This exercise calls for the line with "Pair of contemporary", the line with "Measures: Globe light fixture height is 13.5", and all lines between them in the material below, output exactly and with no other lines.

ENTRIES PROVIDED:

┄┄┄┄┄┄

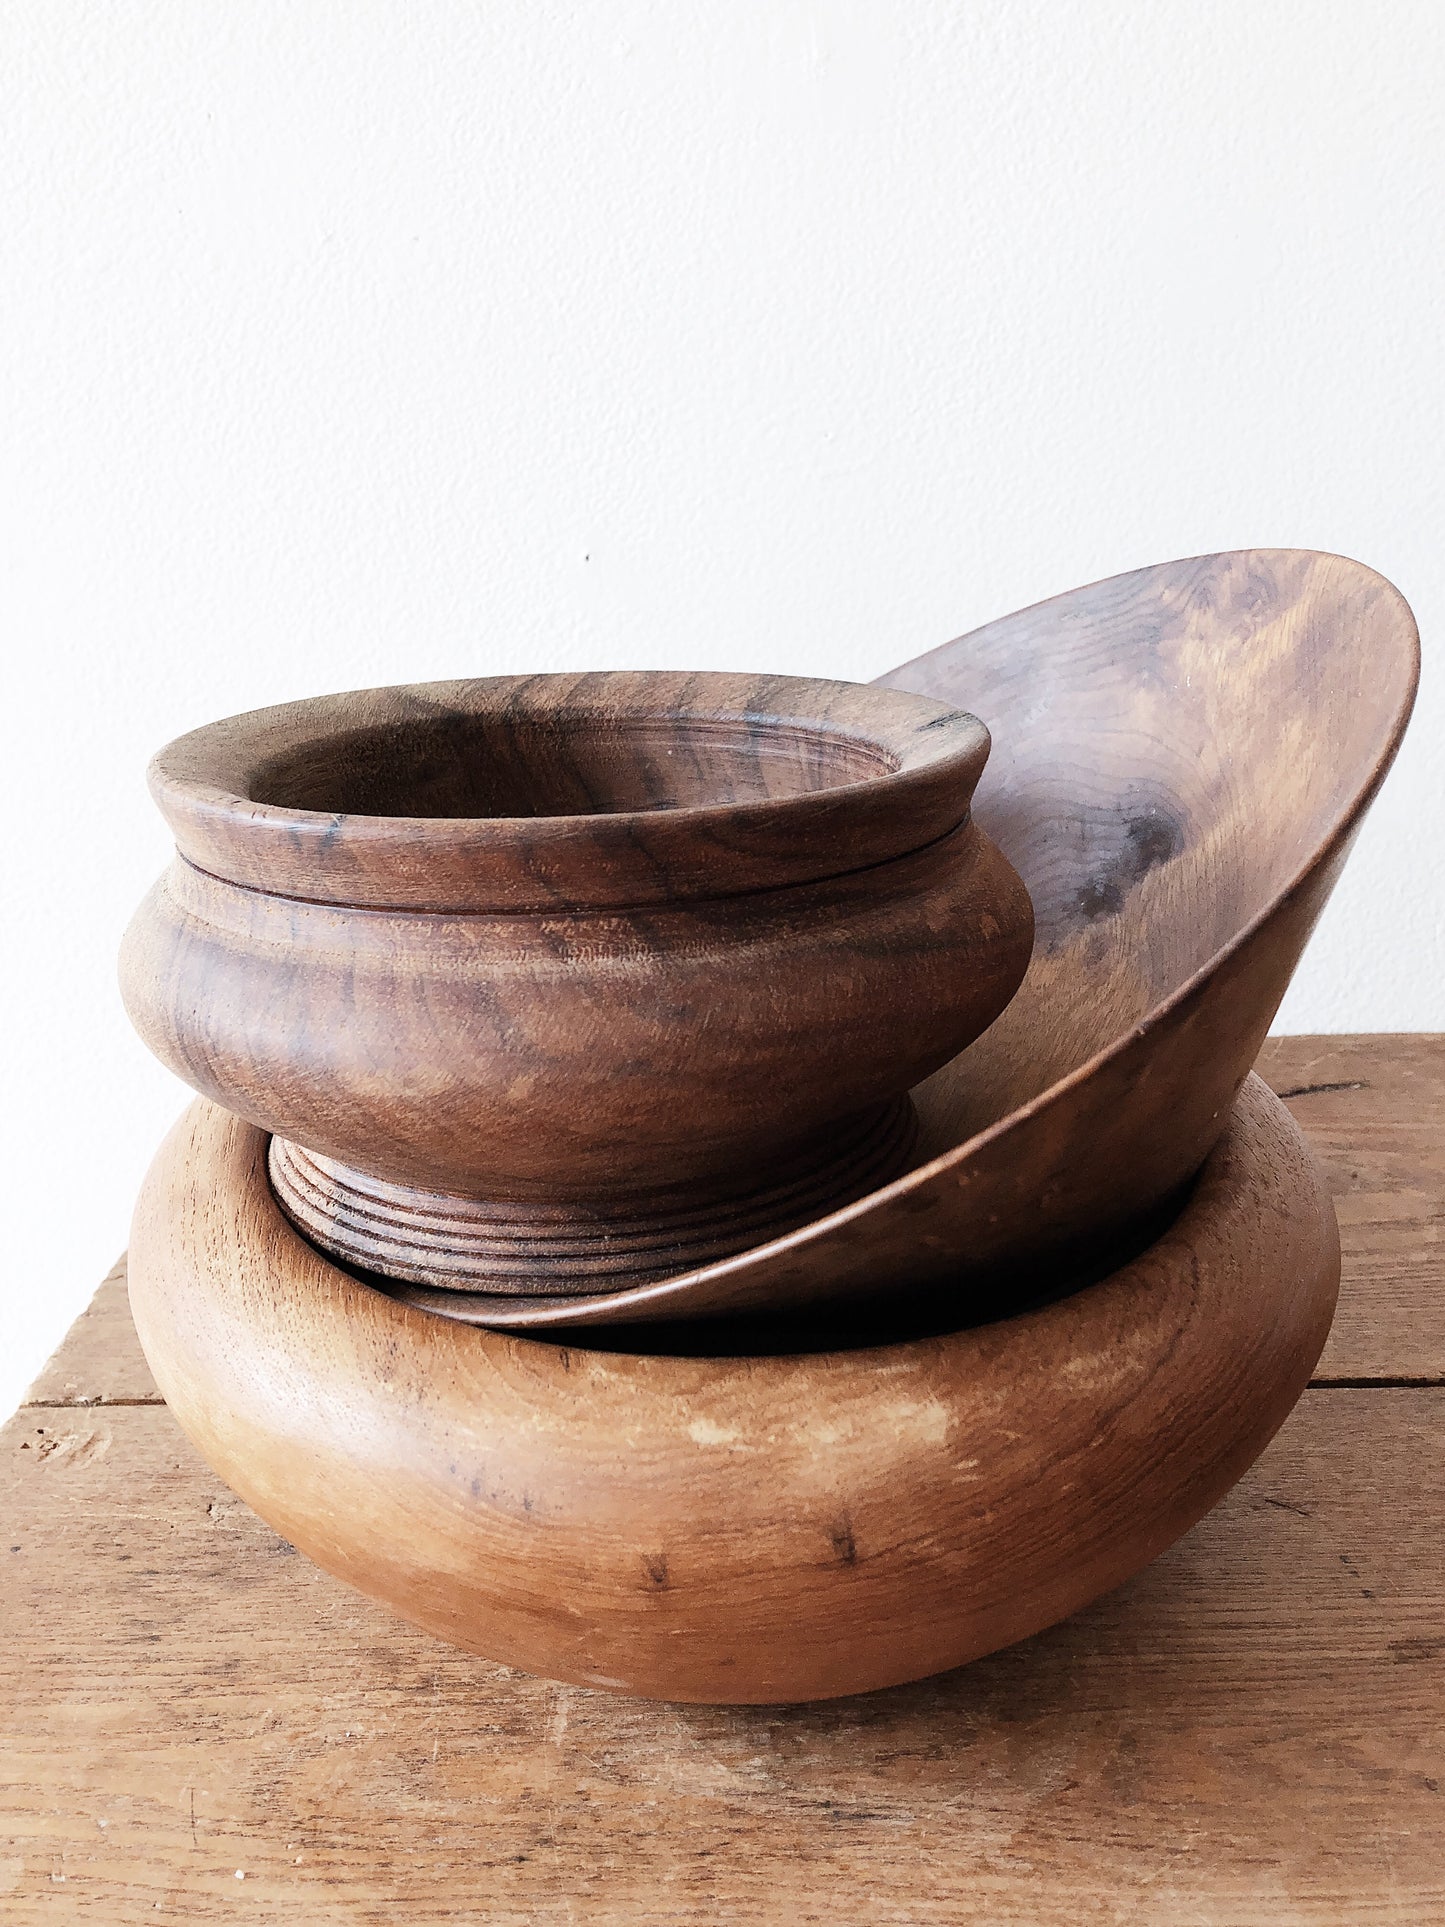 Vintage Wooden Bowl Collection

┄┄┄┄┄┄

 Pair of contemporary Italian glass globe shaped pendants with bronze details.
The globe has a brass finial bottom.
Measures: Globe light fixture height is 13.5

┄┄┄┄┄┄

SOLVED PROBLEM:
 Pair of contemporary Italian glass globe shaped pendants with bronze details.
The globe has a brass finial bottom.
Measures: Globe light fixture height is 13.5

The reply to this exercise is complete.